Comme nous l'avons évoqué hier, nous poursuivons pour la semaine le panorama du coffret de cinq sorties du label BeCoq qu'il convient de mettre à l'honneur.
Cinq disques qui embrassent cinq univers différents mais pourtant proches, dans la volonté de repousser les limites, d'aller voir ce qui se trame aux confins et d'essayer de trouver des chemins de traverse qui relient entre eux ces univers. Avec Cactus Truck, c'était le Free le plus cru, le plus dru qui était à l'honneur.

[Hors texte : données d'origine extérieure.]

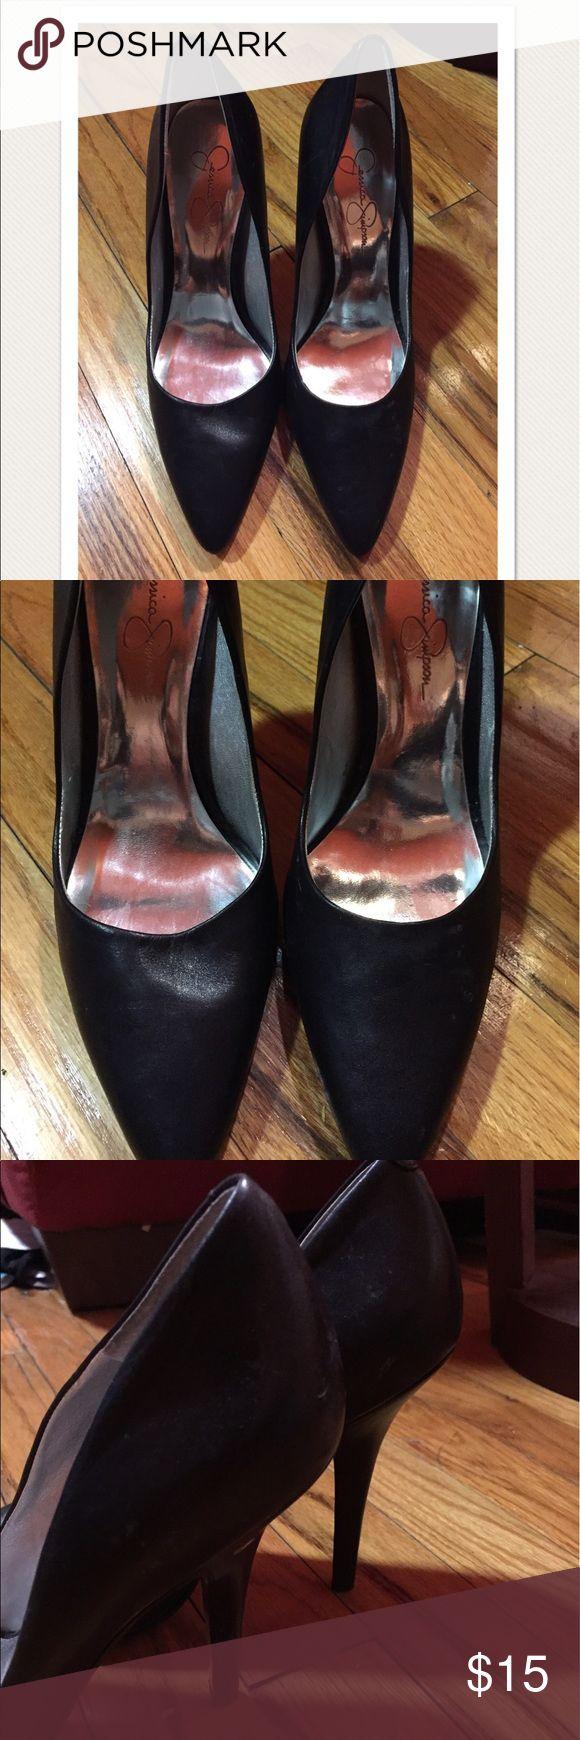 Jessica Simpson Black Pumps Jessica Simpson black leather pointy Pumps. Jessica Simpson Shoes Heels

WATT, le quartet qui nous concerne aujourd'hui se situe d'apparence de l'autre côté du pôle.
A la fureur laisse place l'immobilité apparente.
Ou du moins la sculpture opiniâtre du son jusque dans ces plus maigres oscillations, puisque l'on sait depuis les Minimalistes que les sensations de notes tenues, de décalage léger et le moindre effet de souffle prennent dans une masse sonore irréfragable une importance énorme.
Pourtant WATT et Cactus Truck ne sont pas si éloignés, puisqu'on peut y trouver quelques volontés communes. A commencer par une concentration profonde qui doit se partager entre émetteurs et receveurs. On parle des musiciens entre eux, mais on parle aussi de l'auditeur, acteur central de cette expérience sensorielle qui peut sans doute aller jusqu'au rejet.
Heureux sera celui, et votre hôte en est, qui saura suffisamment lâcher prise pour se laisser dompter par le son énorme de ces quatre clarinettes, unies en cercle dans une chapelle de l'Aisne pour en faire vibrer les vieilles pierres.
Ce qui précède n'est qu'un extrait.